Statistical digram and trigram analysis of turkish in terms of coverage and entropy for possible language and speech based applications


Uslu I. B., YILMAZ A. E., İLK H. G.

18th European Signal Processing Conference, EUSIPCO 2010, Aalborg, Danimarka, 23 - 27 Ağustos 2010, ss.776-780 identifier

  • Yayın Türü: Bildiri / Tam Metin Bildiri
  • Basıldığı Şehir: Aalborg
  • Basıldığı Ülke: Danimarka
  • Sayfa Sayıları: ss.776-780
  • Ankara Üniversitesi Adresli: Evet

Özet

In this study two frameworks, made up of digrams and trigrams, are built for a complete coverage of the Turkish language. In addition, character, digram and trigram entropy values for Turkish, English and Spanish are compared. Examining meaningful Turkish texts, we have achieved the result that, there are 3 major digram clusters which constitute slightly more than 60% of Turkish texts.

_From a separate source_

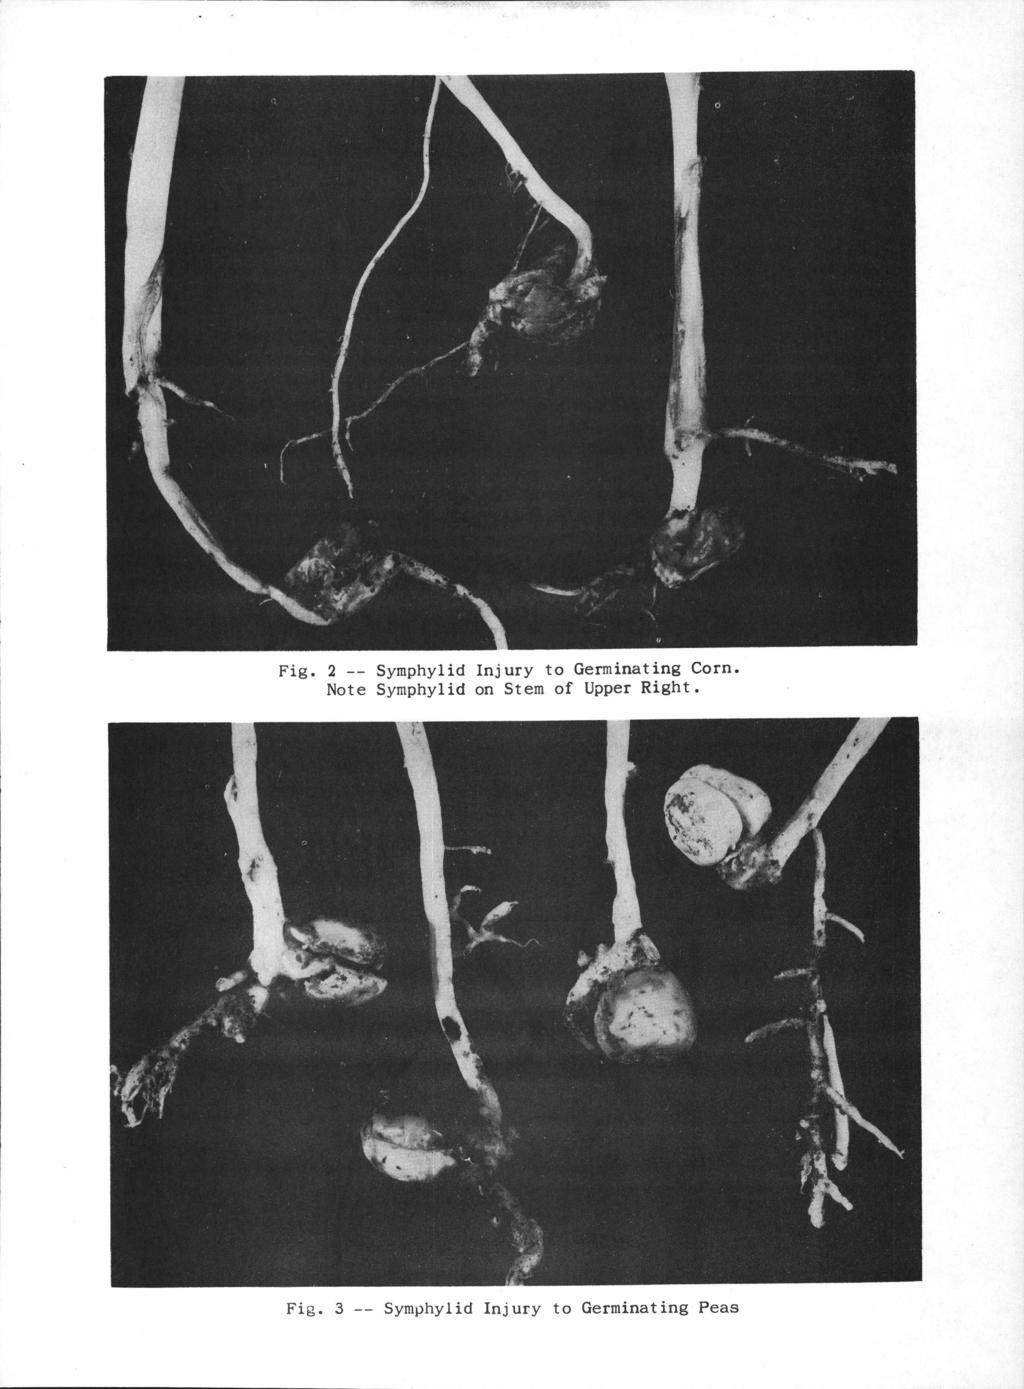 Fig. 2 -- Symphylid Injury to Germinating Corn.

Similar to digram distributions, there are 3 major trigram clusters which cover almost 40% of Turkish texts. The statistics show that, for 99% coverage of Turkish, 391 (of 841 theoretical) digrams and 3,396 (of 24,389 theoretical) trigrams are sufficient. The results of this study would constitute a general roadmap for rapid coverage to researchers who would like to work on Turkish language and speech based applications. As an application, the results could lead to a general framework for setting up the rules of prioritization in duration modeling in concatenative text-to-speech synthesis systems. © EURASIP, 2010.